Tuesday, 10 November 2009

Published November 4, 2009

RBS, Lloyds to sell branches as price for Bailout 2

Banks barred from cash bonuses for high-earners; Asian banks among likely bidders for stakes

By NEIL BEHRMANN
IN LONDON

ROYAL Bank of Scotland (RBS) and Lloyds Banking Group are to sell hundreds of branches and key divisions as part of an agreement for receiving a further £40 billion (S$91.5 billion) from the British government.

On the block: Lloyds will sell over 600 branches over the next four years, RBS will sell 318 branches

Northern Rock, the first British bank to collapse in the recent crisis, is also to be sold.

The European Commission has demanded the sales to safeguard banking competition.

Since the banks are under the control of the UK government, which pumped in £37 billion earlier, they have an unfair advantage over competitors.

As part of the accord, the banks are not allowed to pay cash bonuses for the 2009 financial year to any staff earning more than £39,000.

Members of the RBS and Lloyds boards must also defer all their bonuses until 2012.

When the sales eventually take place in three to four years time there will be three new British banks, and local and foreign banks and institutions, including Asian, can either control or have large stakes in them.
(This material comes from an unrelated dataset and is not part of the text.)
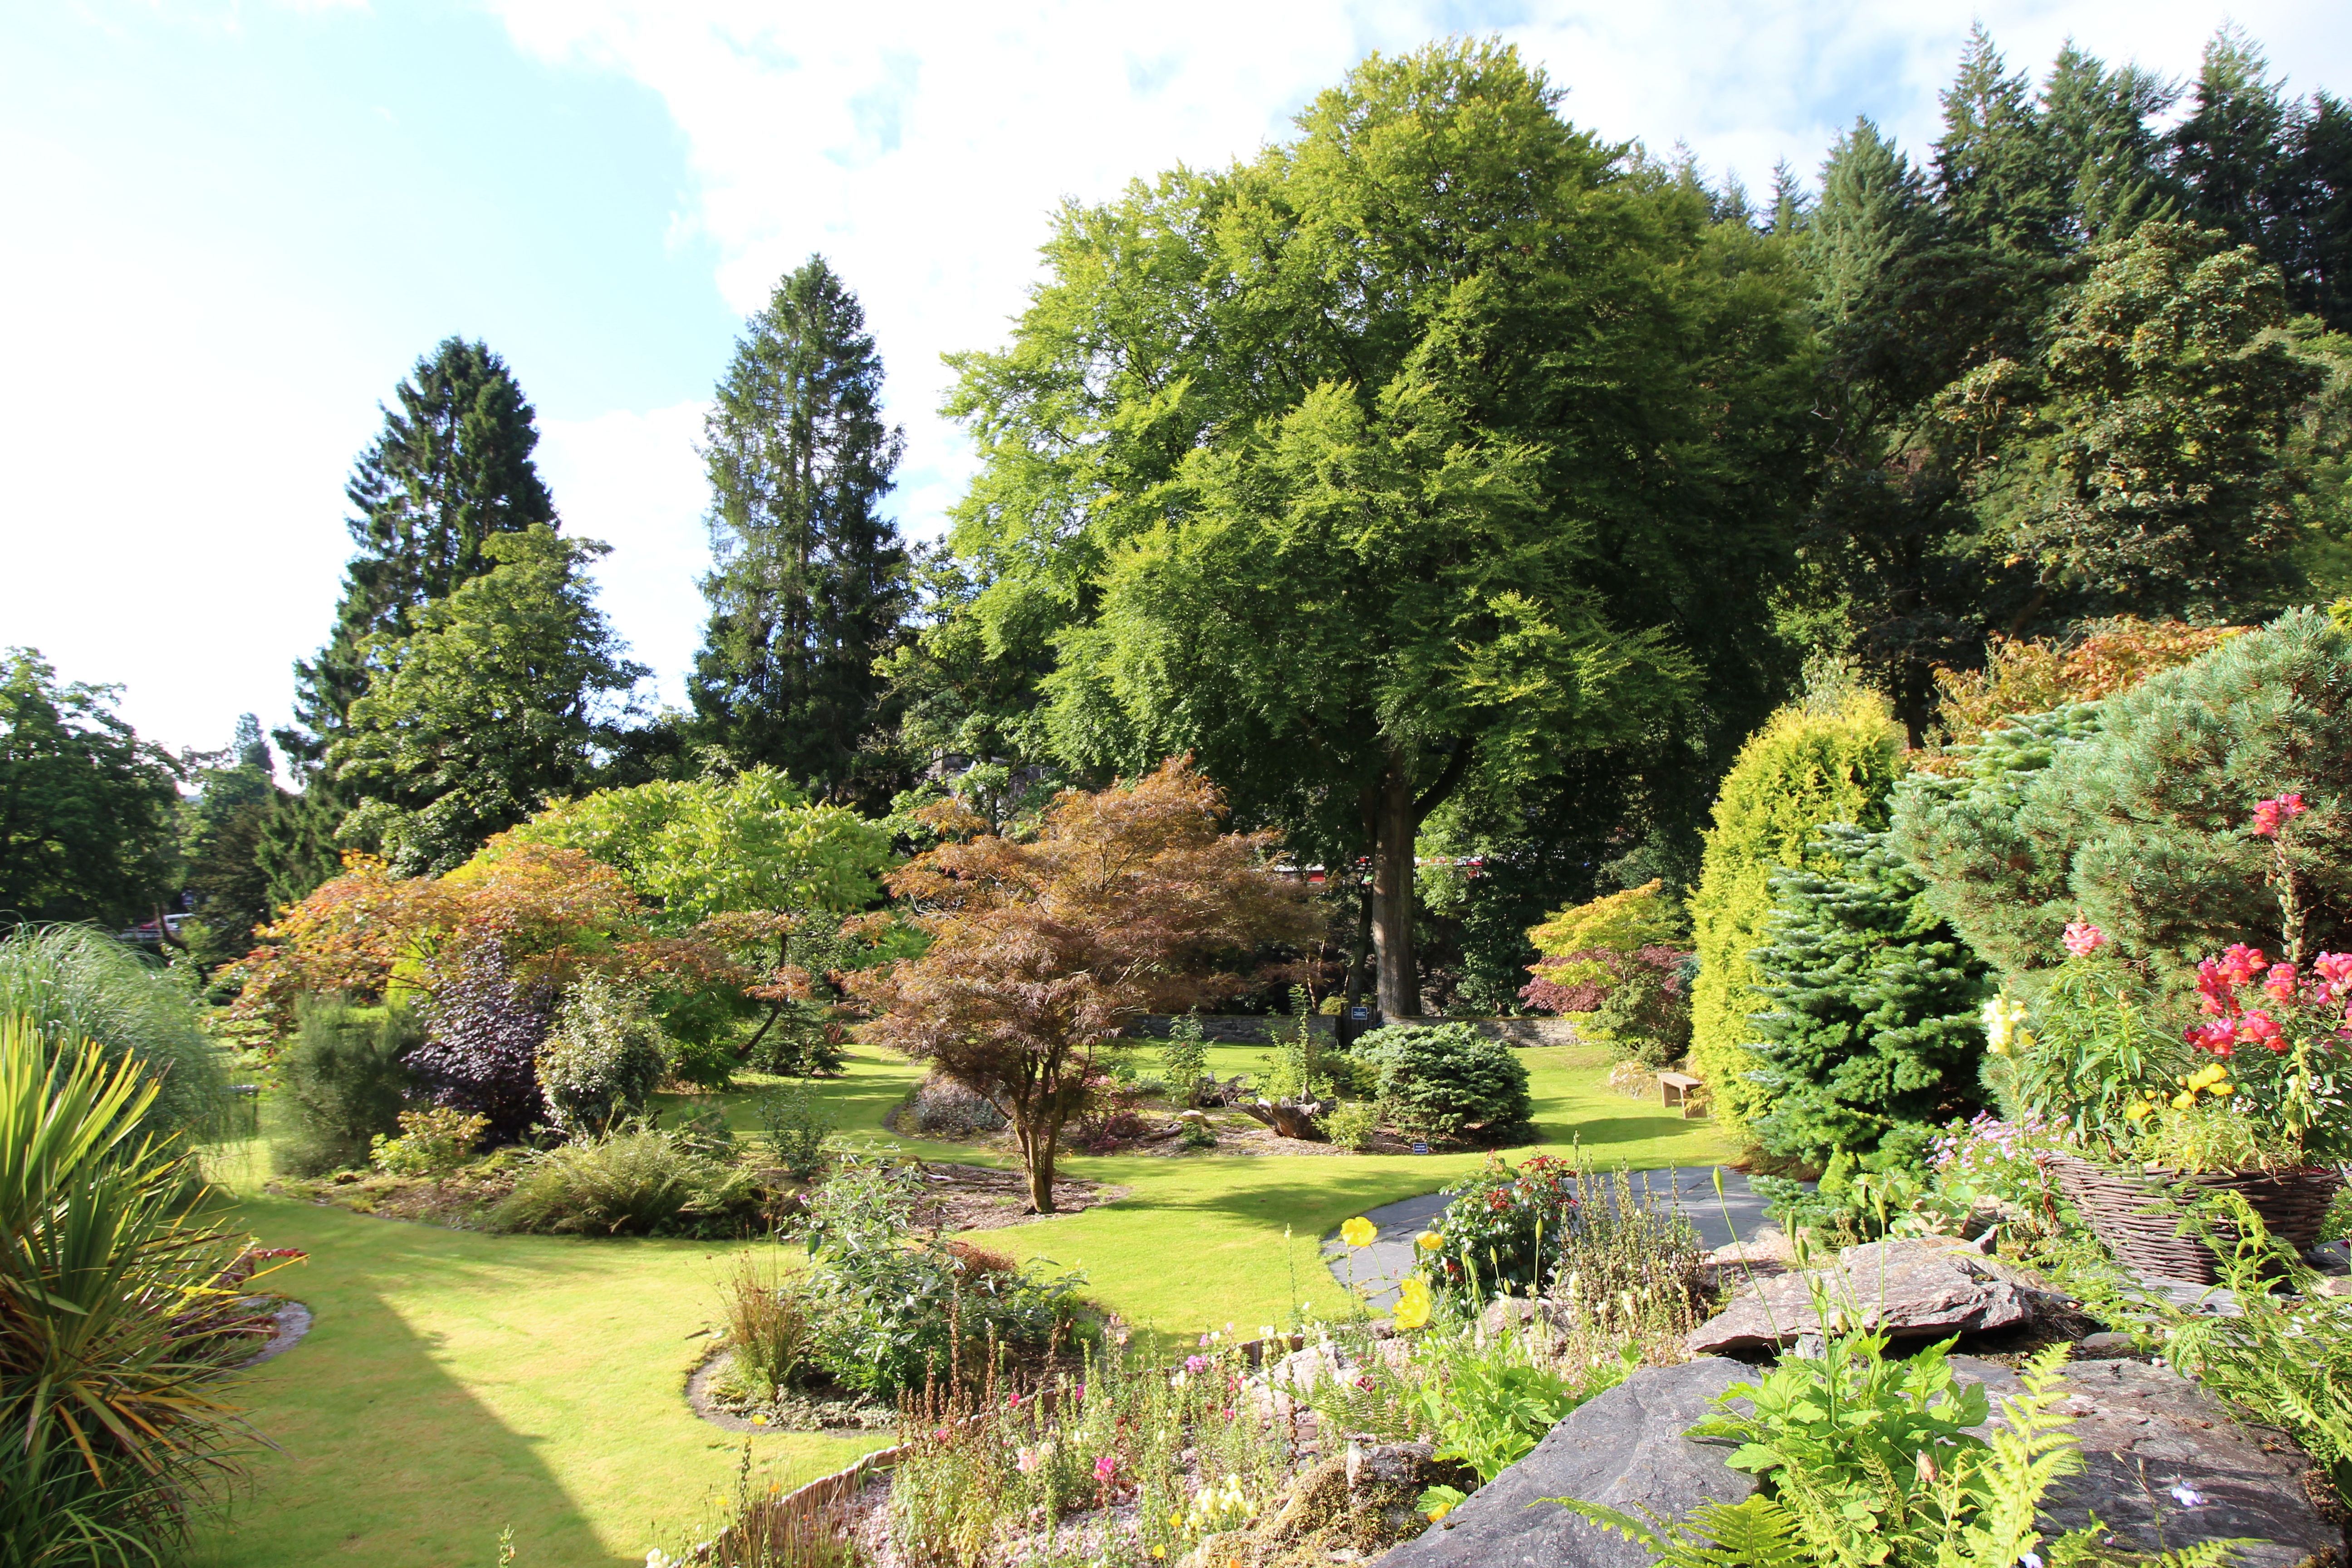 Swn-y-Dwr's landscaped garden 1

The sales are expected to take place over a lengthy period so that the assets are not dumped at fire sale prices.

Critics of the planned asset sales say that it falls short of governor of the Bank of England Mervyn King's call for the separation of traditional banking from risky investment banking operations.
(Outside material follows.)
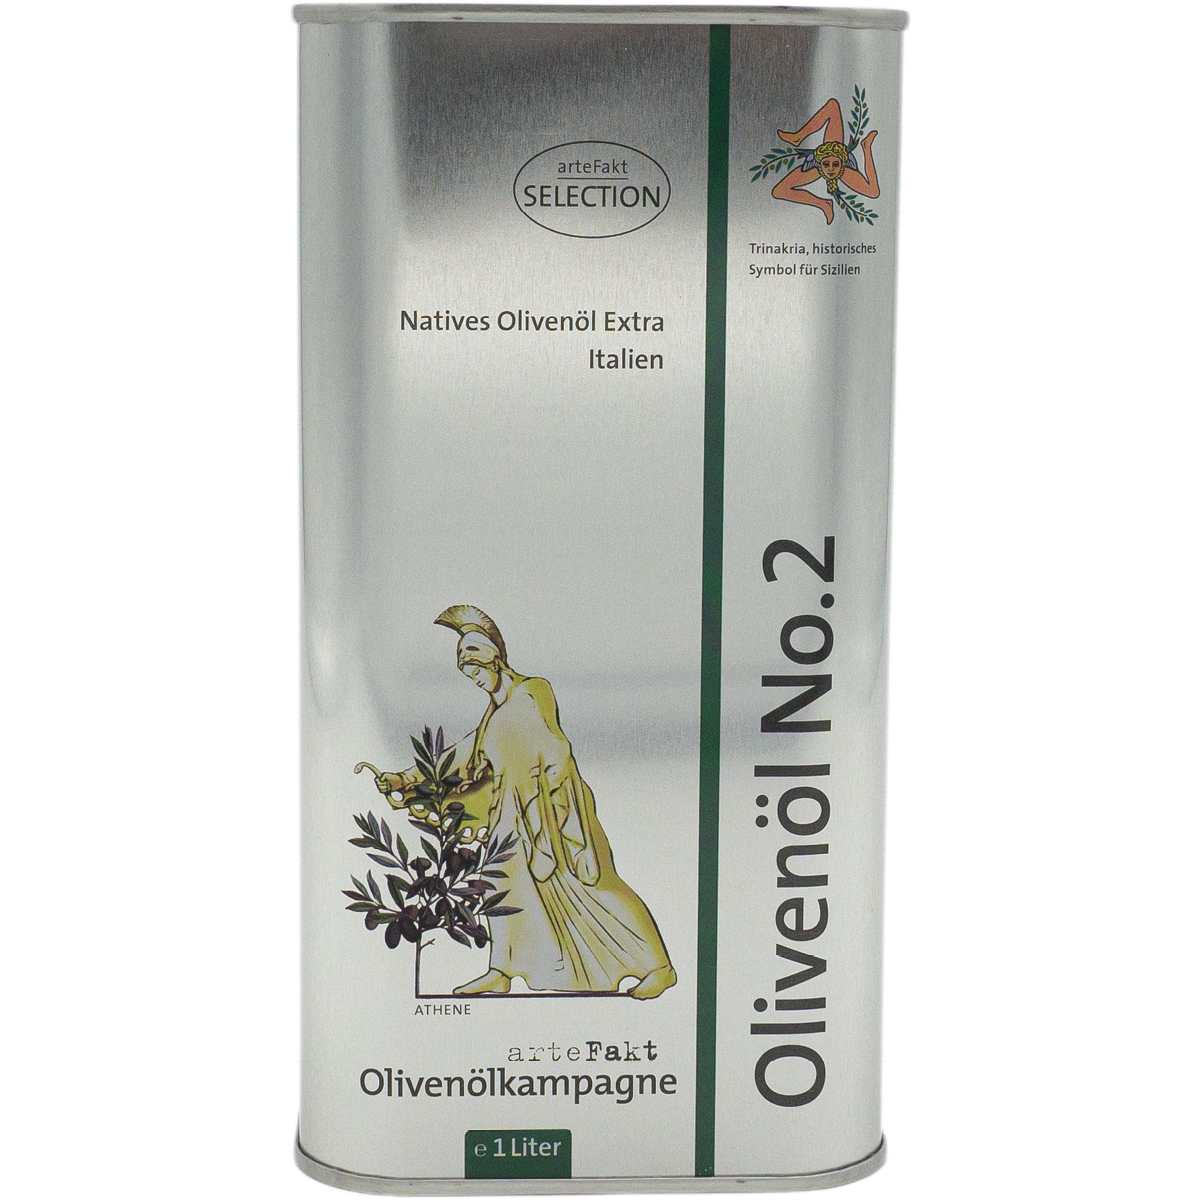 Bio Olivenöl Nativ Extra No 2; Sizilien

Mr King fears the risky casino-like dealings of investment bank proprietary trading units that effectively trade like hedge funds.
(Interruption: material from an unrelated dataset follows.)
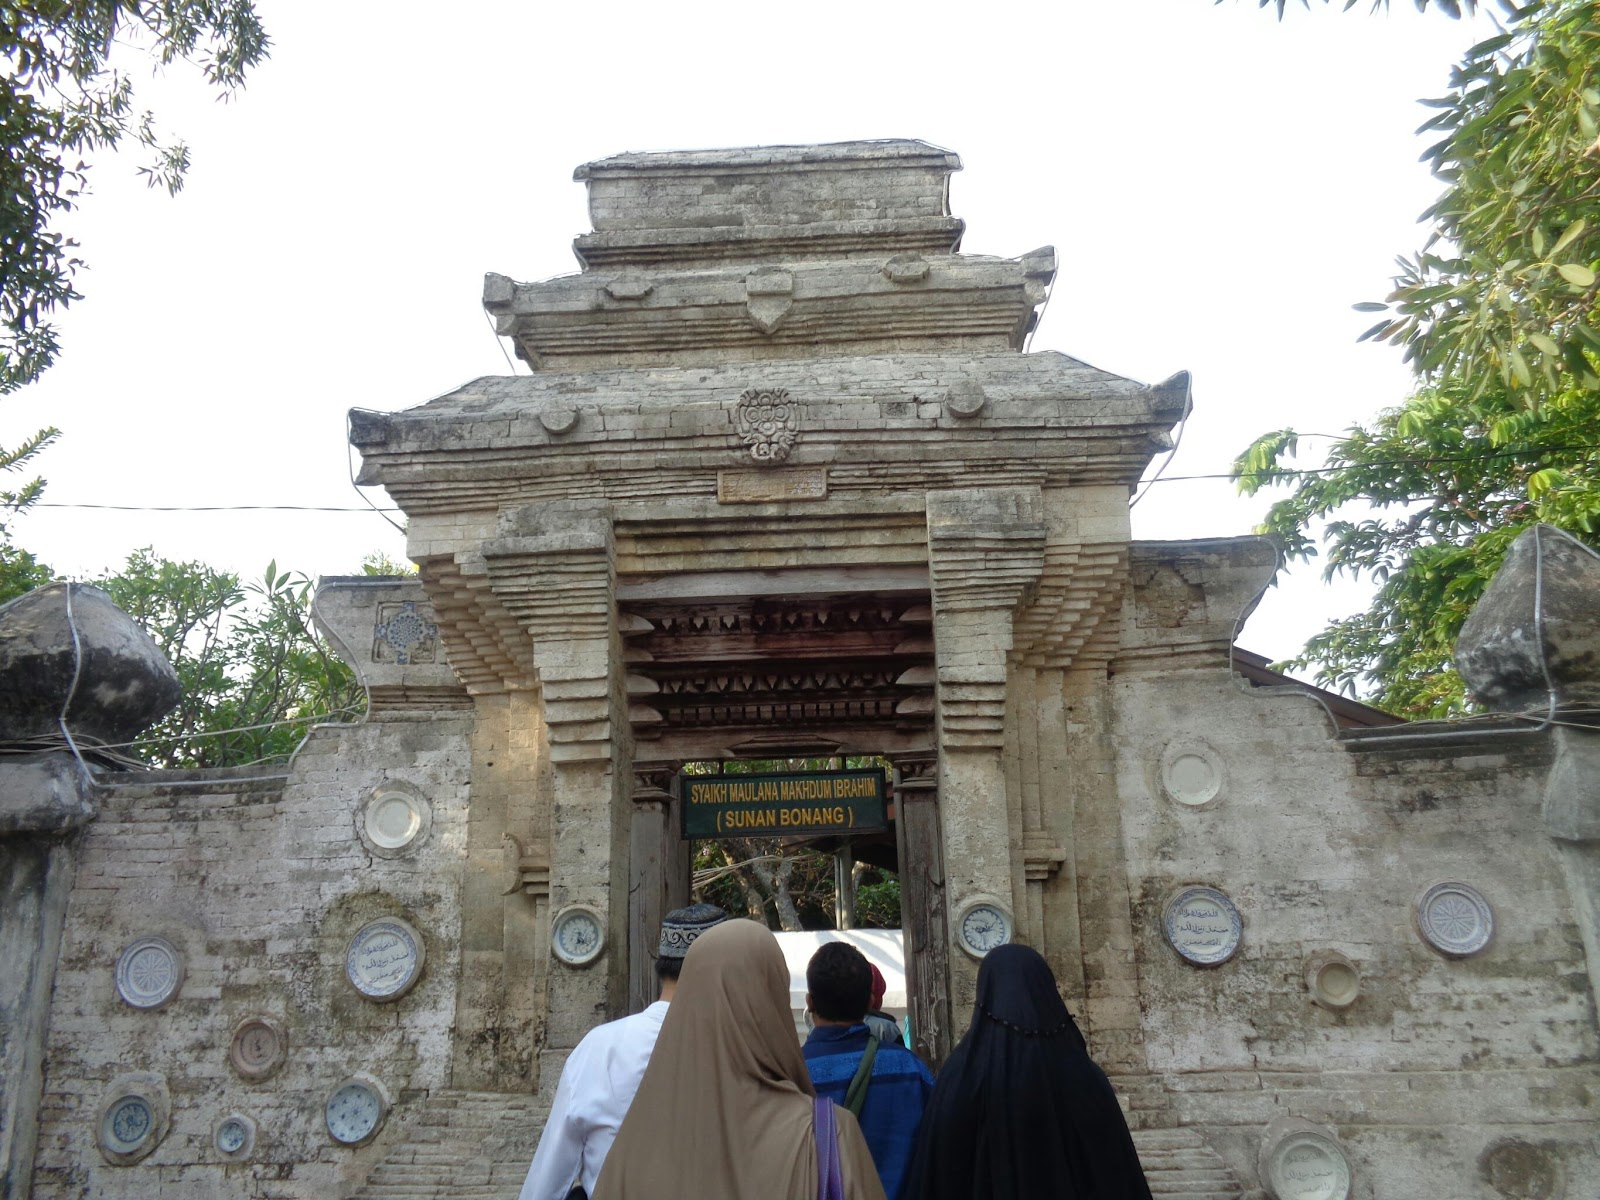 Wisata Trevelling Makam Sunan Bonang Tidak Lupa Membeli Oleh Berfoto

RBS will sell 318 branches, while Lloyds will dispose of more than 600 branches over the next four years.

Prior to the sale, RBS will resurrect the brand name, Williams & Glyn's for the more than 300 branches and will also sell its NatWest bank brand in Scotland.

Other divisions up for the auctioneers block are RBS Insurance and Global Merchant Services, its card payment business.

The new arrangement means that RBS will have £45 billion of state funding and be 84 per cent owned by the UK taxpayer. RBS is also making use of the government 'Asset Protection Scheme' of which the government is budgeting to make a £25 billion loss.

Lloyds Banking Group has been instructed to offload Cheltenham & Gloucester, a former building society, with its 160 branches, TSB, the former Trustee Savings Bank that has 200 branches in Scotland, and the Intelligent Finance Internet bank.

By doing so, it will reduce its share of the UK mortgage market and current account market from 30 per cent to 25 per cent.

The Treasury is pumping a further several billion pounds into Lloyds when it takes up its share of a rights issue expected to take place in coming weeks.

Eventually, Lloyds will have received around £20 billion of taxpayer money and be 43 per cent owned by the state.

Prior to an eventual sale, the government is providing more money for Northern Rock which failed in 2007. This is in the form of an £8 billion loan, with a further £4 billion of funding if required.

Northern Rock owns a so called 'good bank', which comprises some £19 billion of deposits alongside £10 billion of secure mortgages and £9 billion of cash.

The rest of the bank, which includes high risk mortgages, will remain under government control for more than 10 years.

Critics complain that a sale of the 'good bank' may receive only £1.5 billion but the risk to the taxpayer is a hefty £27 billion. The European Union has instructed Northern Rock to limit new mortgage lending.

Large British banks such as HSBC, cannot purchase the branches and other assets as this is a European Union pro-competition move. But European, US and Asian banks can make bids, according to information from press conferences yesterday.

Santander, the Spanish bank, German insurance giant Allianz, Generali and Zurich are being mentioned as potential acquirers of RBS and Lloyds branches.

Other potential buyers include Richard Branson who owns Virgin Money, National Australia Bank, the owner of Yorkshire and Clydesdale banks, French banks BNP and Societe Generale and Tesco, which wants to expand into banking.